Enquanto um rótulo estrangeiro é vendido no Brasil como “cerveja”, o nacional, elaborado com os mesmos ingredientes, seja de origem animal ou até vegetal, só pode ser comercializado como “bebida alcoólica mista”. Um exemplo disso é a Colorado Appia: a utilização do mel na fórmula foi aprovada, desde que a denominação seja alterada para “bebida alcoólica mista”. “Essas diretrizes, por falta de conhecimento de quem as elaborou, possuem um excesso de cuidado e, na dúvida, proíbem”, complementa. Outro item que diminui a competitividade das artesanais diante das importadas é o fato de alguns tipos de cervejas não estarem inclusos na legislação brasileira e, portanto, não poderem trazer a descrição nos rótulos.

Prejudicial às microcervejarias, a questão fiscal também é criticada pelos fabricantes. “Utilizamos a melhor matéria-prima na produção artesanal. Temos uma relação de custo/hectolitro maior do que as em larga escala, além de empregarmos mais pessoas por hectolitro, e pagamos o mesmo imposto”, esclarece Duarte. Em consequência disso, algumas cervejarias menores sucumbem e acabam sendo compradas por multinacionais.

Esclarecimentos do Mapa

De acordo com Bernardo Medina, chefe da divisão de bebidas da Coordenação Geral de Vinhos e Bebidas, o decreto número 6871, de 2009, define o padrão das cervejas produzidas no País. Quando há adição de outros ingredientes, por exemplo de origem animal, é determinado que seja chamada de “bebida alcoólica mista”. No caso das importadas, existe a fiscalização e, caso seja constatado que determinado produto siga uma receita típica do país de origem, é aprovado.
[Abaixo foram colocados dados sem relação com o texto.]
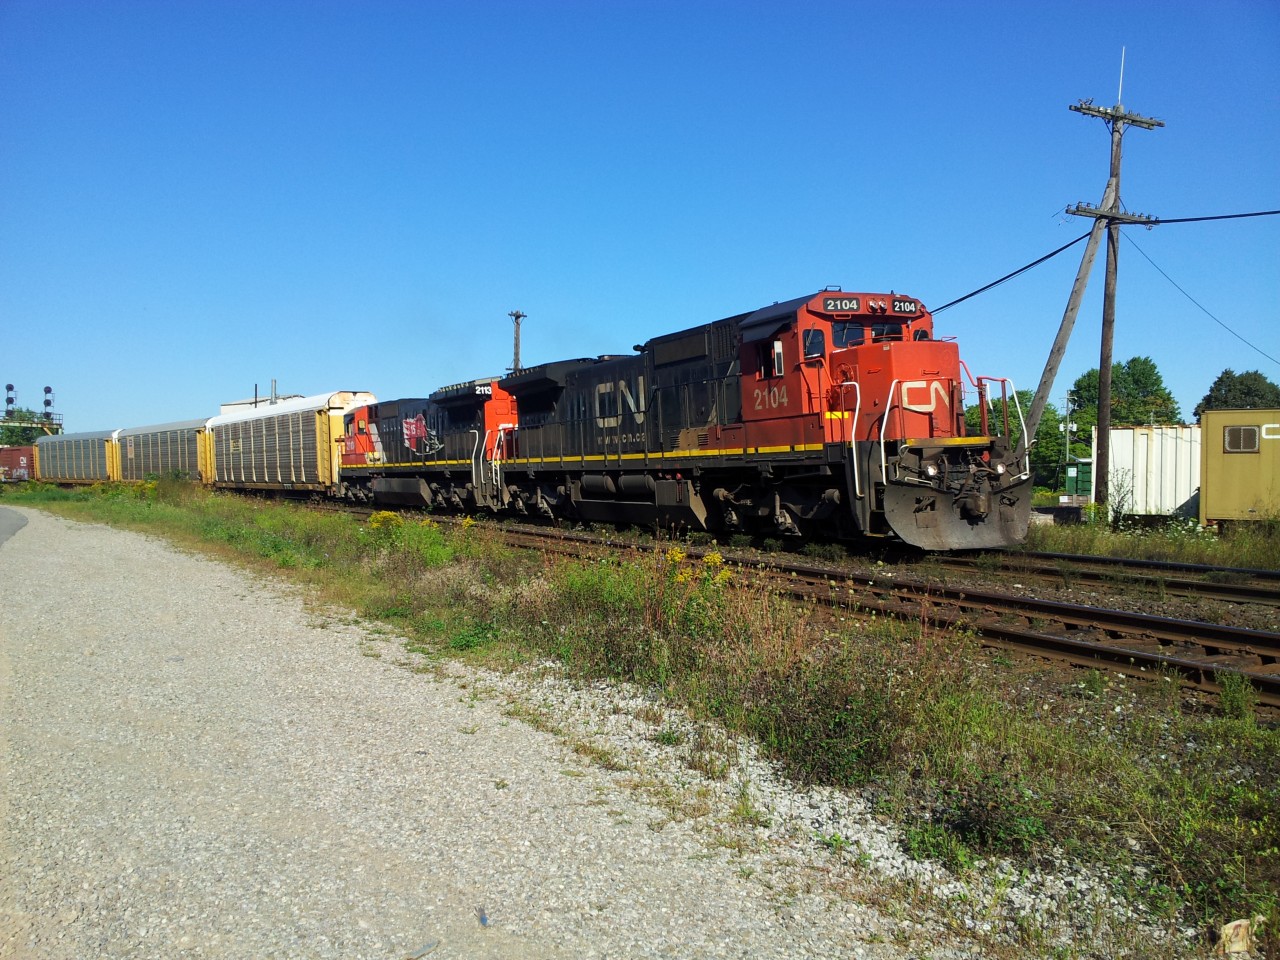 2104 and 2113 lead 148 through Paris, Ontario. Nice to see a pair of C40-8s leading.

Porém, pode haver erro, como omissão de informações ou ilegalidade na importação.

Embora algumas microcervejarias afirmem que a Lei Alemã da Pureza sirva de base para o decreto brasileiro, para Medina as semelhanças são coincidência. “Desconheço que ele seja baseado nessa lei e tenha desconsiderado outras escolas, como a inglesa e a belga.” Em relação às artesanais, o chefe da divisão de bebidas ressalta não haver critérios para defini-las e, por isso, a legislação brasileira não avança nesse quesito. “A cerveja nacional só perde espaço se a importada for típica ou se houver falha na fiscalização.”

Quanto a uma adequação da lei para o mercado brasileiro atual, ele observa que o decreto de 2009 “já nasceu velho” e admite uma revisão da normativa específica de cerveja, embora ainda não tenha previsão. “Legalmente falando, quando leva mel, mesmo em pequena quantidade, não é cerveja. Algumas inovações estão previstas no que a lei define como ‘bebida alcoólica mista’”, finaliza.